The Reverend Peter Grant – to give him his name in English – lived from 1783 to 1867. He was ordained in 1829. He was very musical, a good fiddler, and he was inspired by the spiritual songs of Dugald Buchanan, about whom I wrote in the WHFP (3.4.2020).
Grant was a Baptist from Grantown-on-Spey with a missionary, even evangelical turn of mind, but this did not prevent his songs from achieving wide popularity in the Gàidhealtachd.
Like Buchanan, he saw the world as a place of troubles and sorrows from which the inevitability of death was the ultimate release. But he was a musician. You simply cannot play the fiddle without being capable of fun and pleasure, and his apparently stern views could not hold out against his natural humanity when it came to the problem of unbaptised children.

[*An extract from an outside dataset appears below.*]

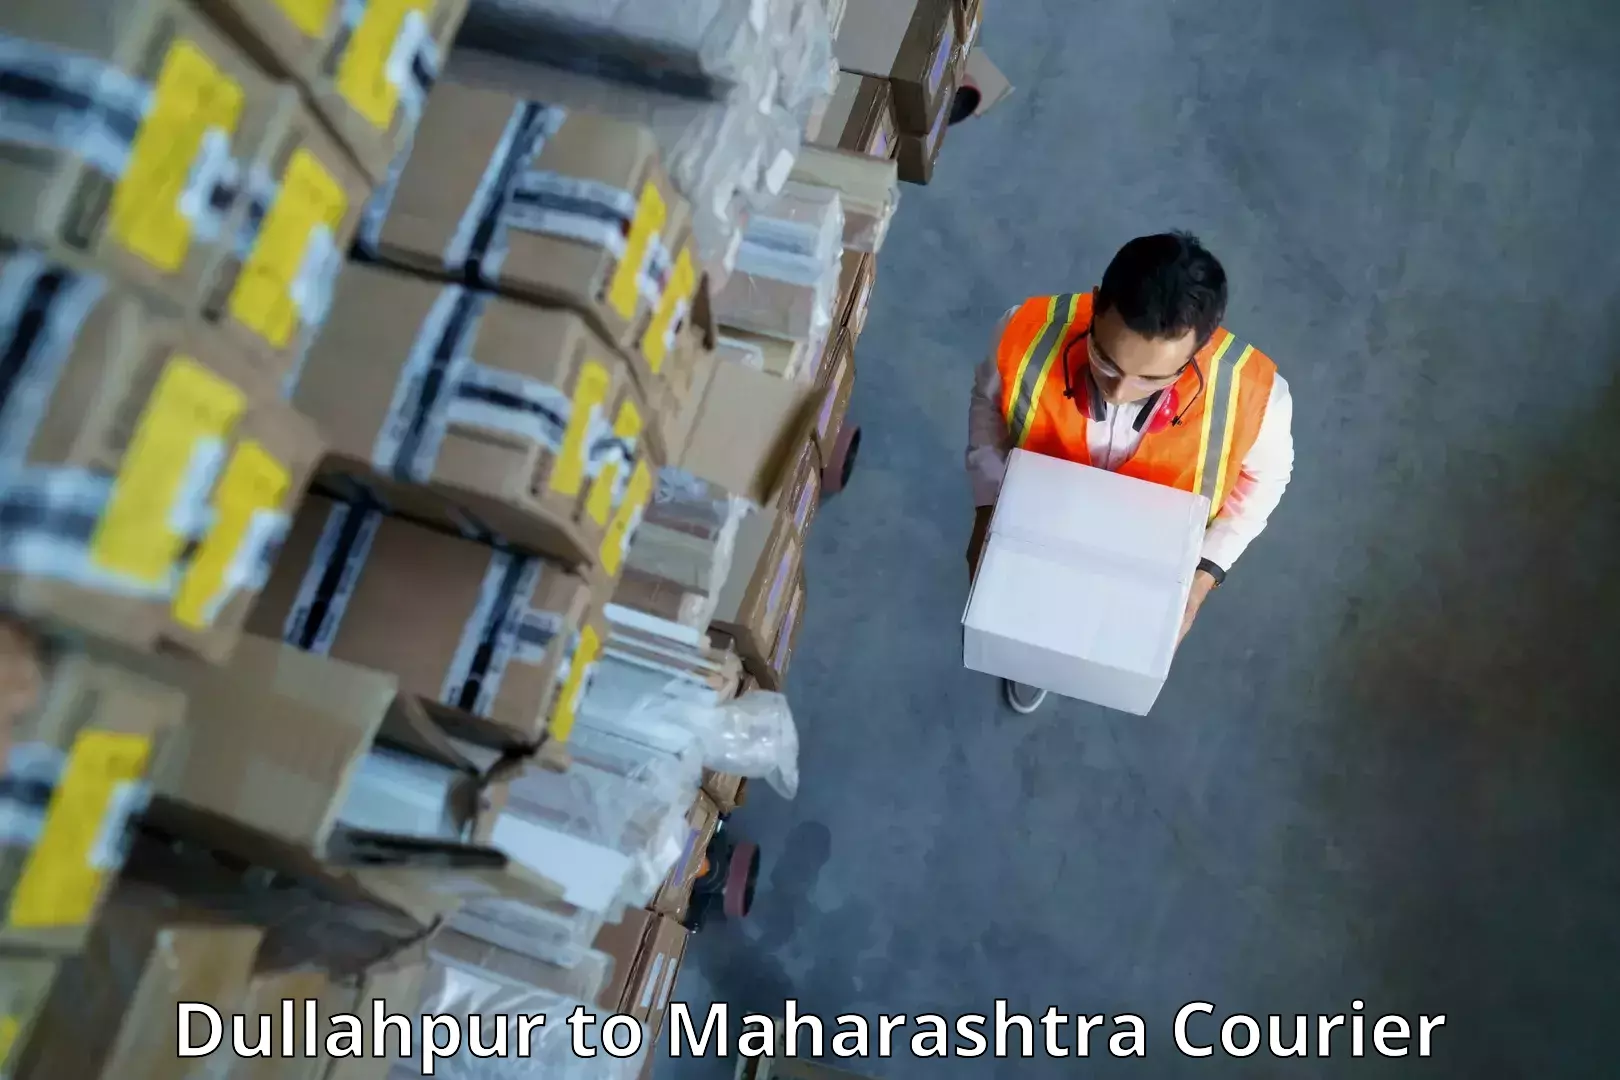 International courier networks Dullahpur to Panchwad

In his moving and visionary hymn placed in the mouth of a dead child, ‘Òran mu Leanabh Og’ Grant claimed that though the child was tainted by Original Sin, it was nonetheless blameless.
This, combined with the certainty of its instant redemption, got Grant into trouble with Na Daoine – ‘a spiritual elite’ drawn from ‘elders, catechists, schoolmasters and missionaries’ perhaps ‘deriving ultimately from the medieval Gaelic learned orders’ as Donald Meek puts it.
They had considerable power within the Gàidhealtachd and some ‘were said to possess gifts of prophecy’. Murdina MacDonald sings this moving song on TaD 52212, facing up to one of the church’s most challenging doctrinal conundrums.
How can such innocence be tainted with guilt?
These concerns may seem almost remote to us now, but they were very real and you can find many a churchyard outwith whose consecrated ground unbaptised children were buried as close to as the grieving family were allowed. The continuing relevance of Òran mu Leanabh Og is underlined by its on-going popularity.
Listen to these songs. They derive their beauty not just from emotional expression but also from maturity of thought.